Yes — these are typically called 'U-shape' or 'three-side wrap' decks. Same framing principles but with two outside corners instead of one. Costs scale roughly linearly with perimeter: 3-side wrap adds ~$5-7/sqft over a straight deck. Full perimeter (4-side) wrap is rare for residential — typically only seen on covered porches around historic farmhouses — because it requires the house to have no permanent exterior fixtures (electrical boxes, dryer vents, hose bibs) on any wall.

What's the most common wraparound mistake?

Continuous decking direction across the corner without a mitre or transition strip. Without the mitre, the eye sees a strange diagonal seam where the joist direction changes underneath. The fix: either a clean mitred corner (premium look) or a 6" picture-frame transition strip running diagonally through the corner. Skipping both creates a 'cheap construction' visual that competes with the wraparound's premium feel.

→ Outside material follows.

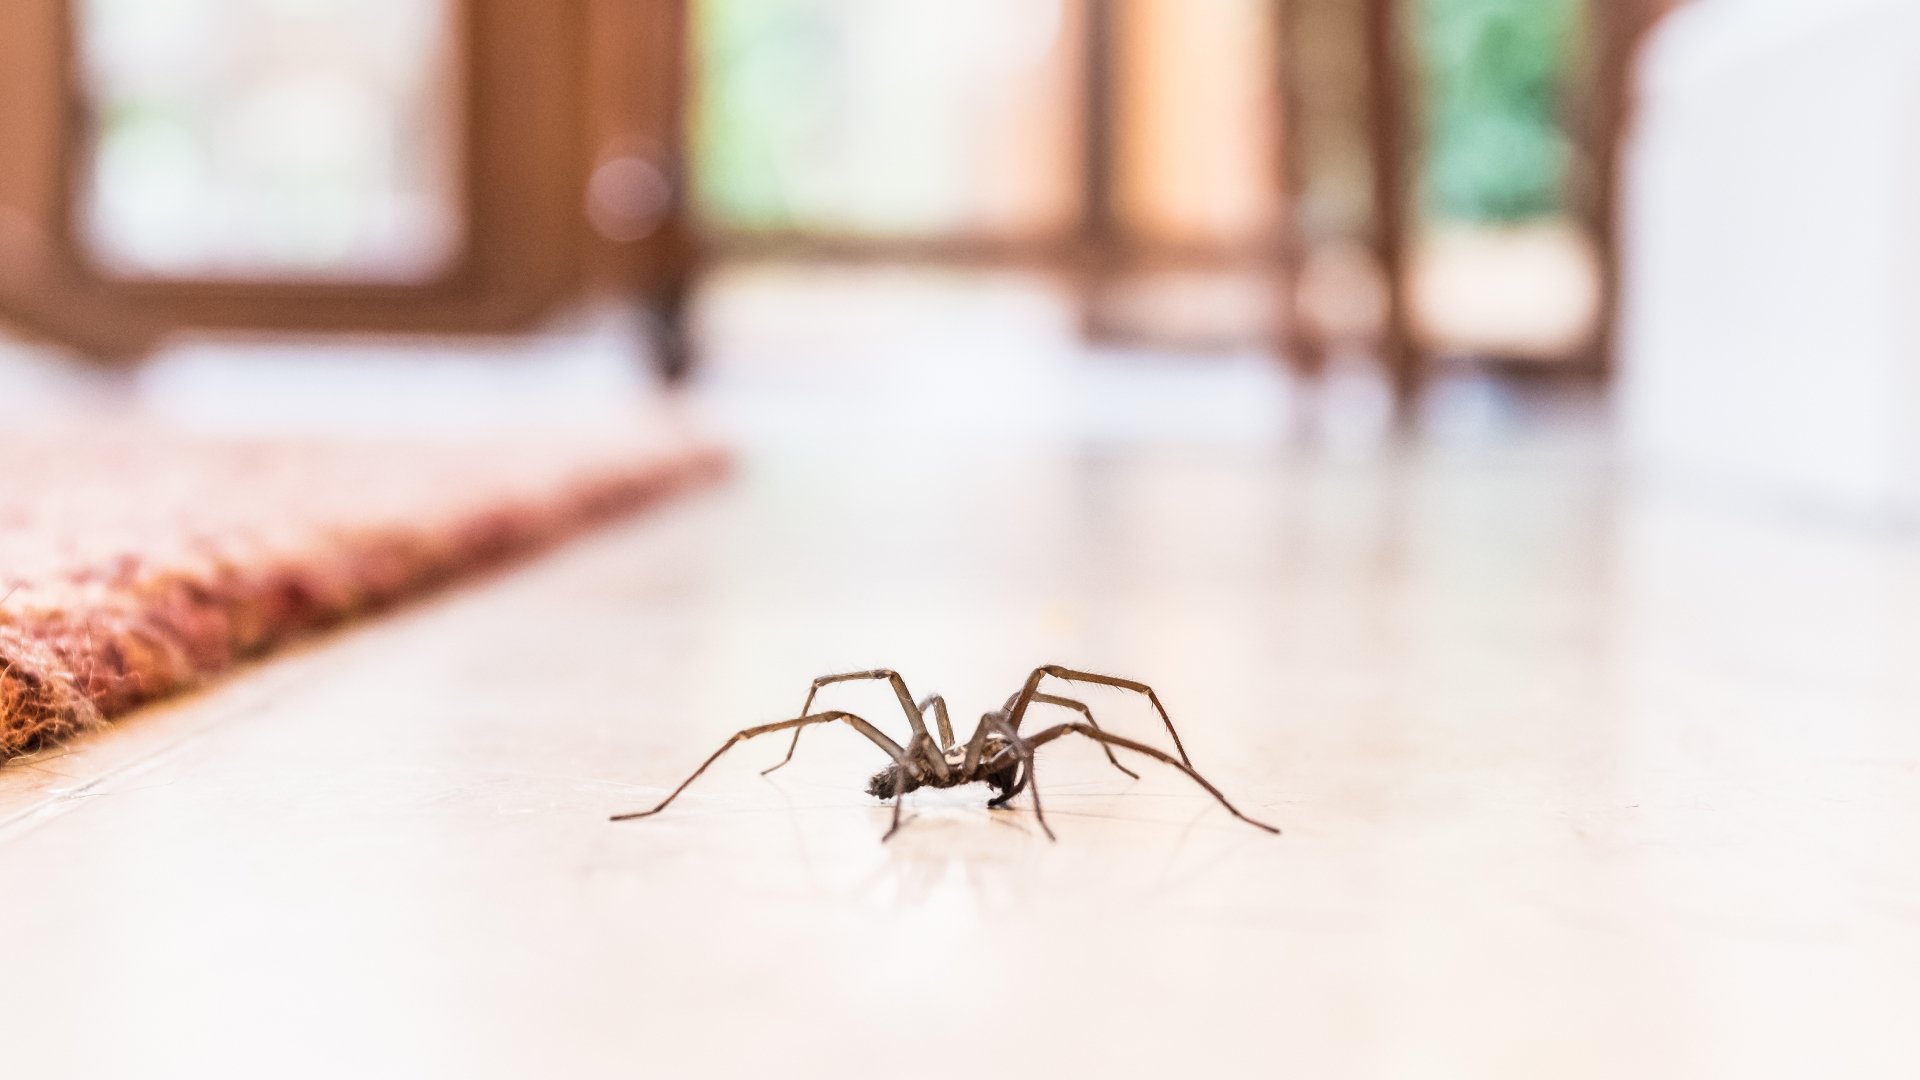 3 Things You Can Do to Help Keep Spiders From Infesting Your Home

The 3 most-common wraparound mistakes
  1. Skipping the corner post or under-sizing it — the outside L-corner carries double tributary load. 4×4 PT may be inadequate where standard segments are fine. Use the Post Size Calculator with L-corner multiplier.
  2. Continuous board direction without mitre or transition strip — creates a strange diagonal seam where joist direction changes underneath. Cheap-looking result that fights the premium wraparound feel.
  3. House-side rim joists not flashed at the corner — the inside L corner is where water collects. Two ledger sections meeting at the corner need extra flashing at the joint, otherwise water gets behind both ledgers simultaneously.